Supplied material:
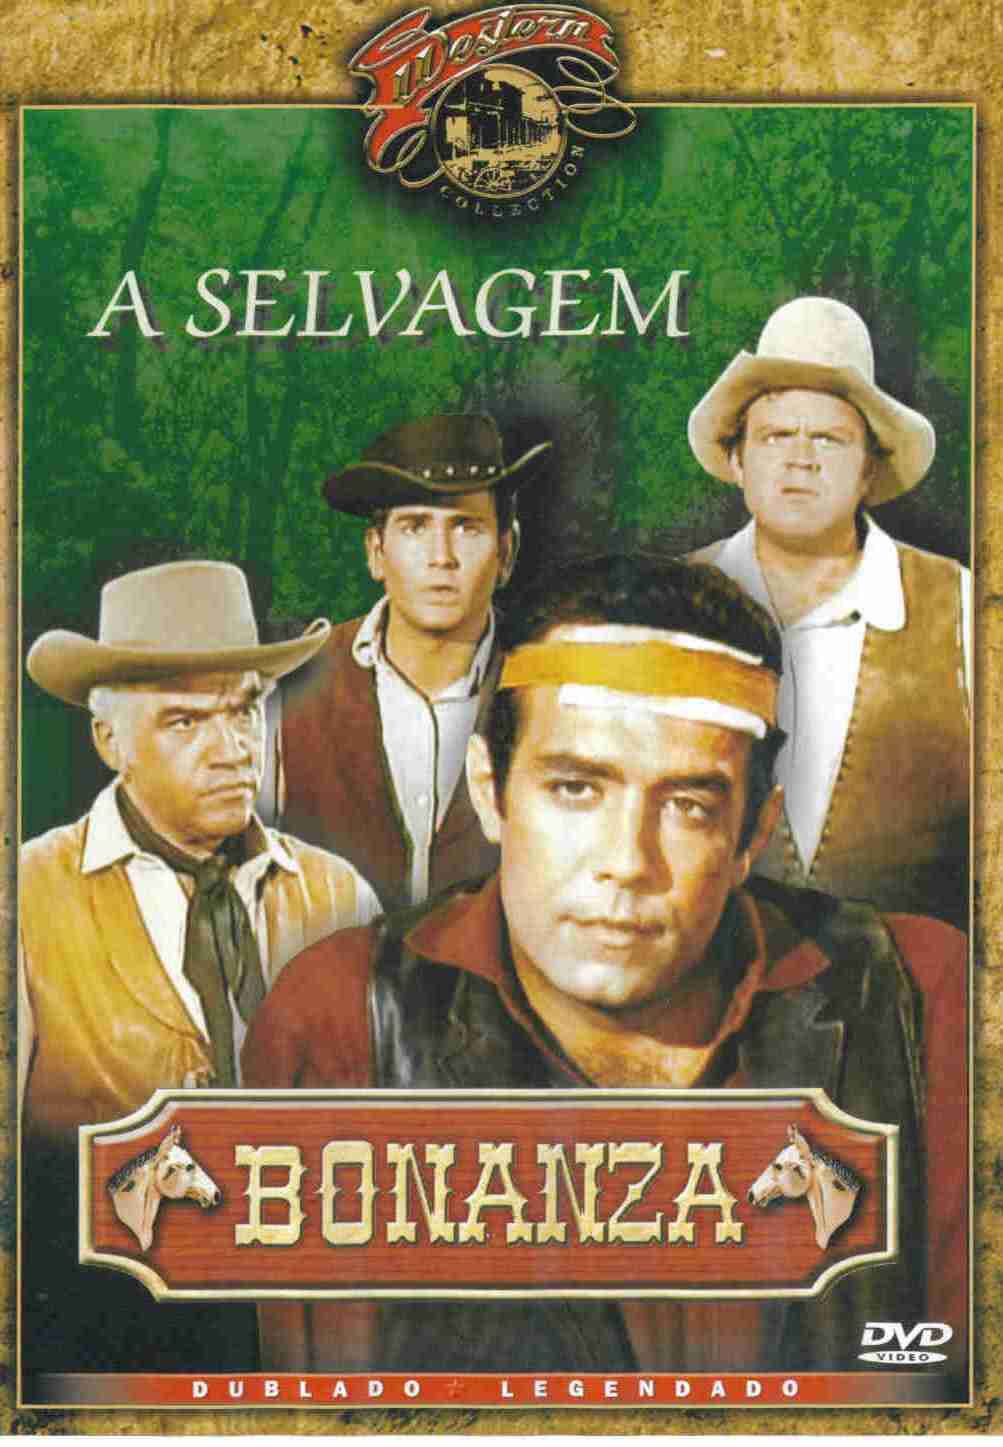 BONANZA - A SELVAGEM
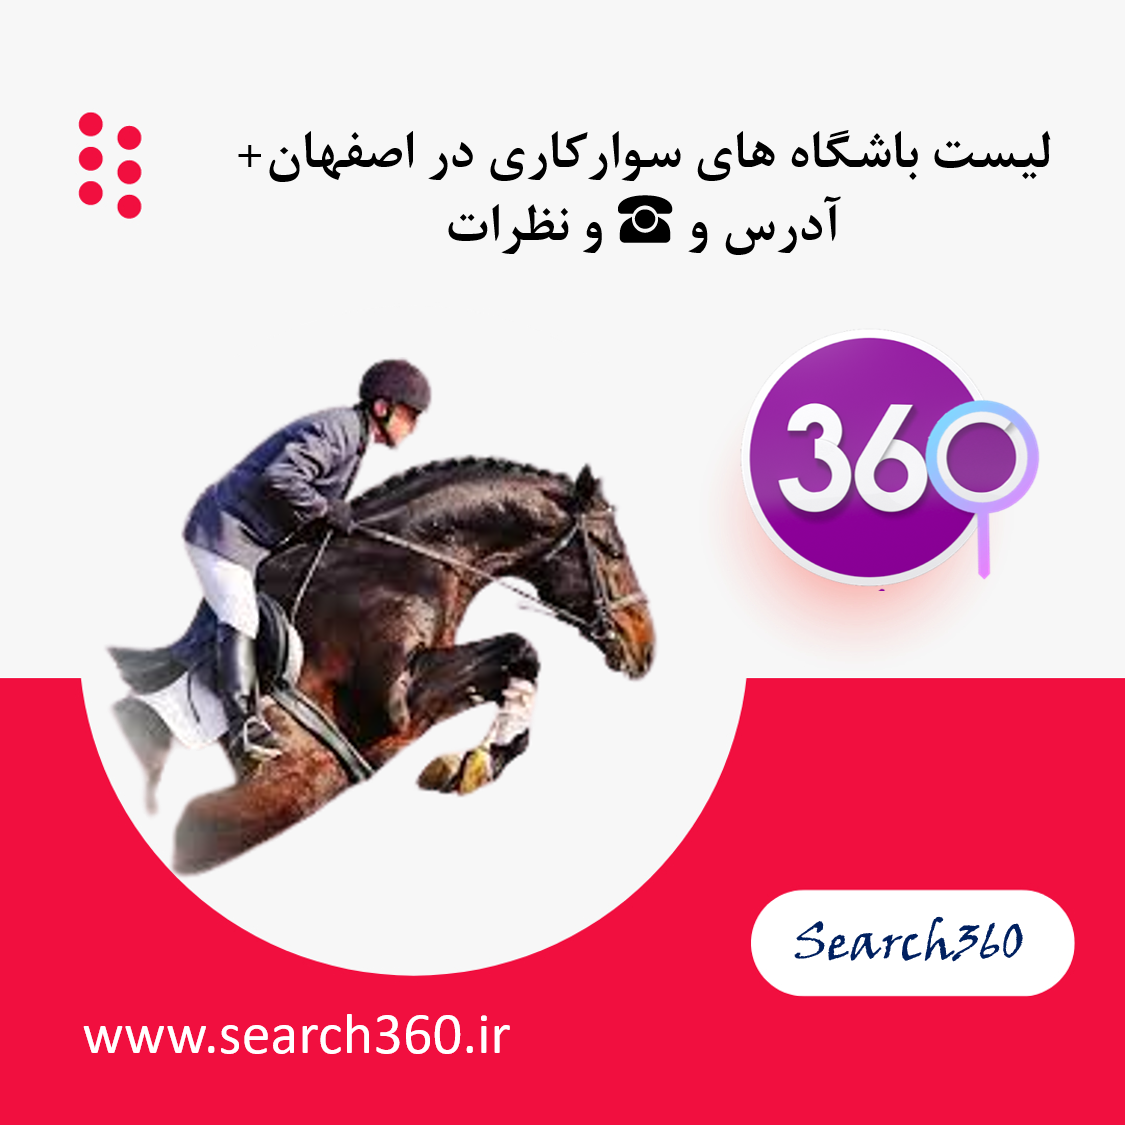 لیست باشگاه های سوارکاری اصفهان با آدرس و تلفن ☎️
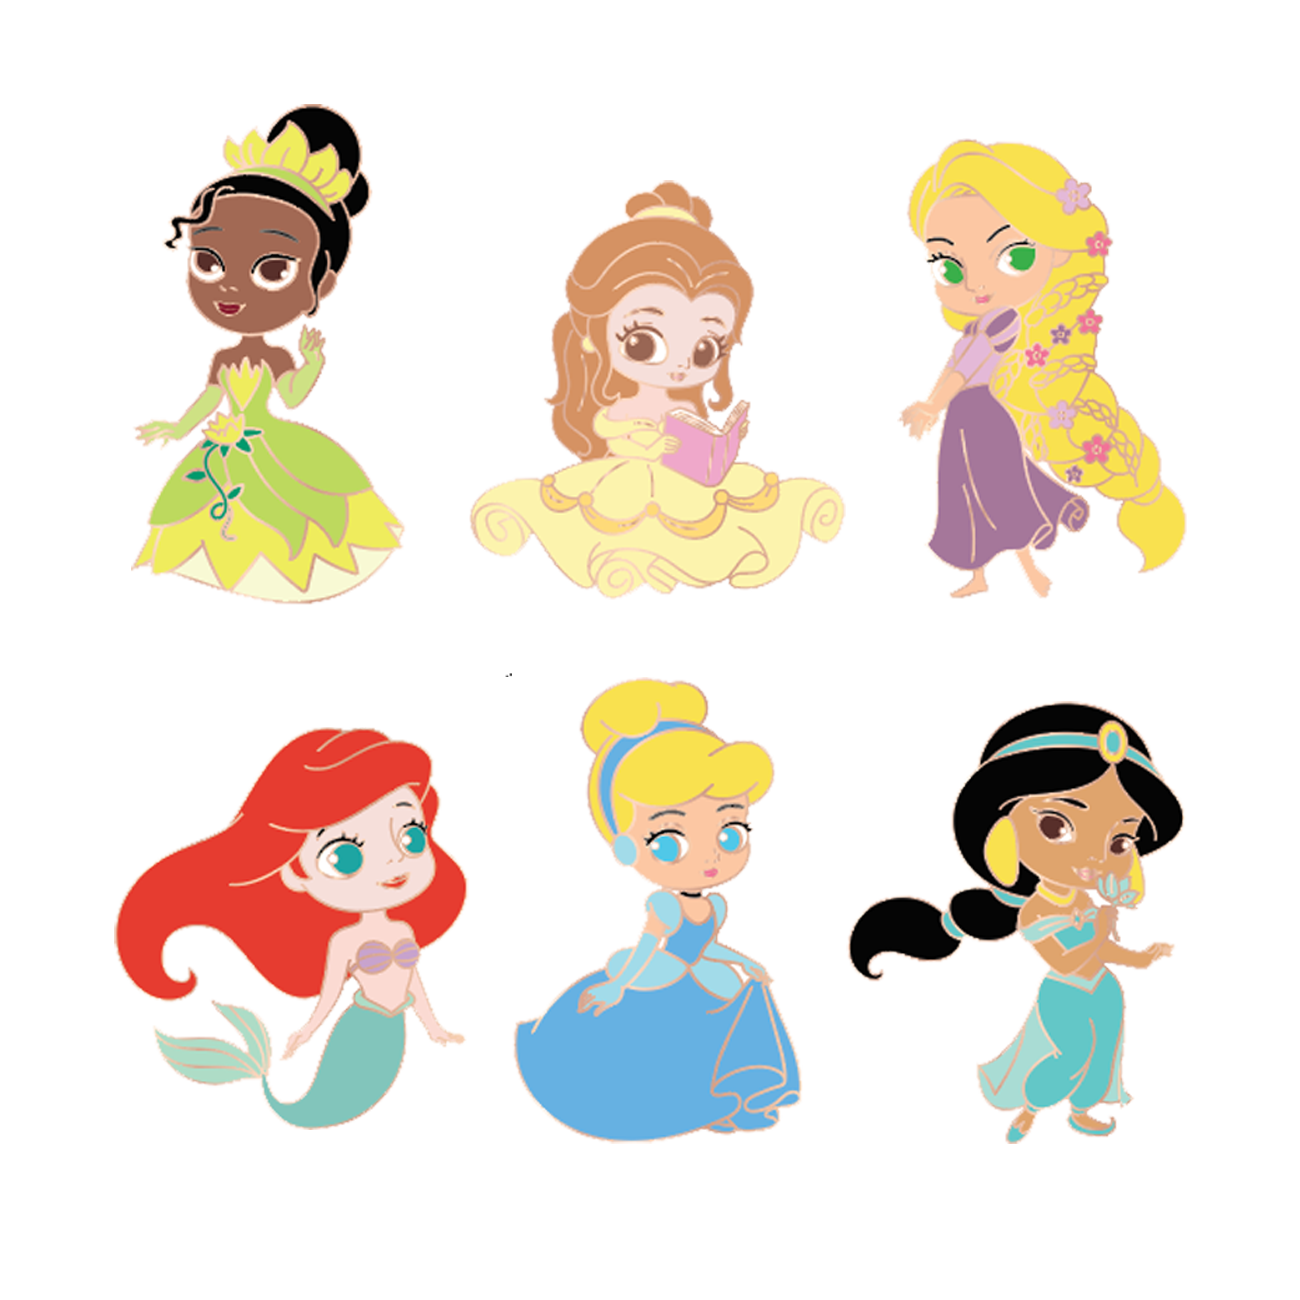 chibi disney princesses drawings
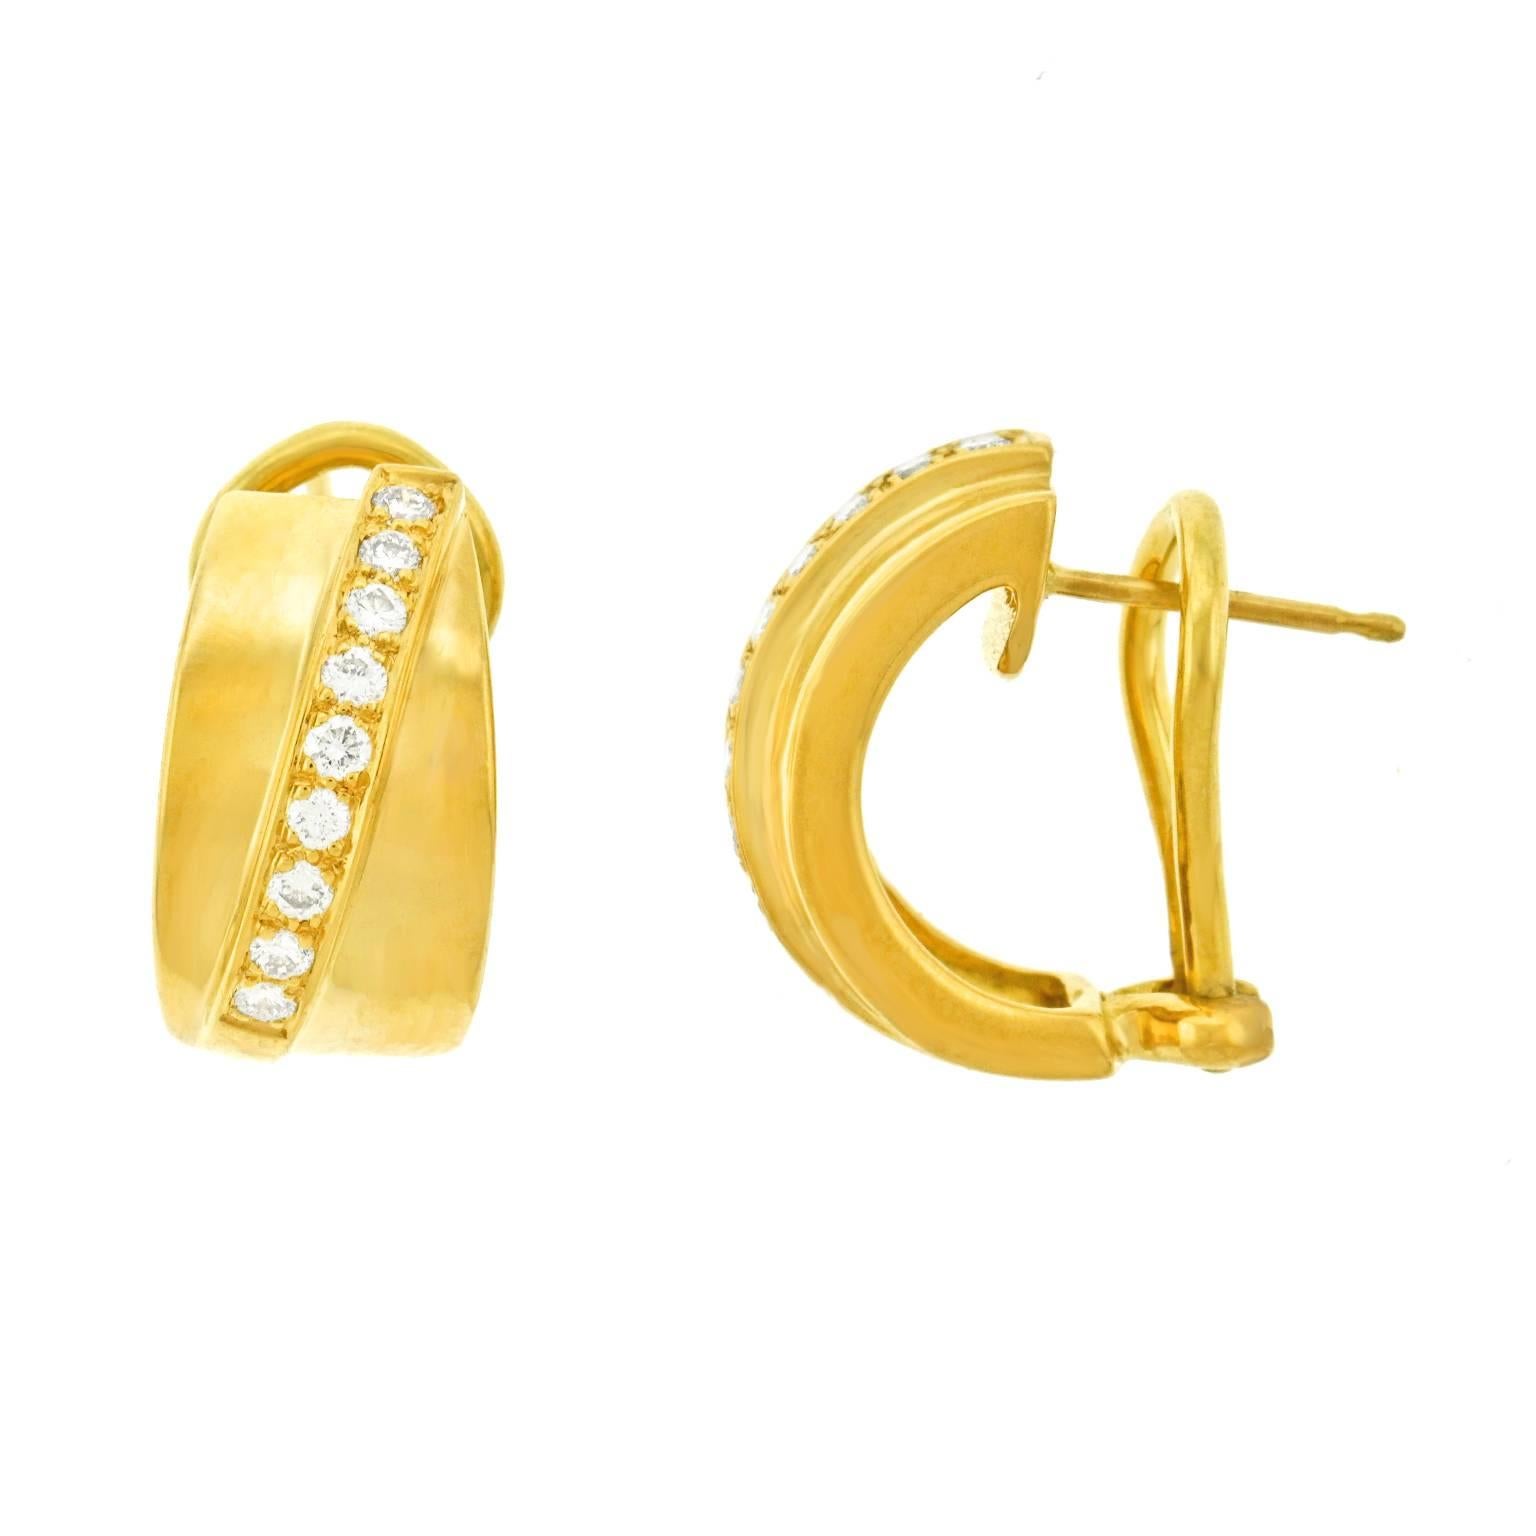 Tannler Diamond and Gold Earrings 4

Directions for this task: Produce the data again character for character, with the images left out.

Response:
 BONANZA - A SELVAGEM
 لیست باشگاه های سوارکاری اصفهان با آدرس و تلفن ☎️
 chibi disney princesses drawings
 Tannler Diamond and Gold Earrings 4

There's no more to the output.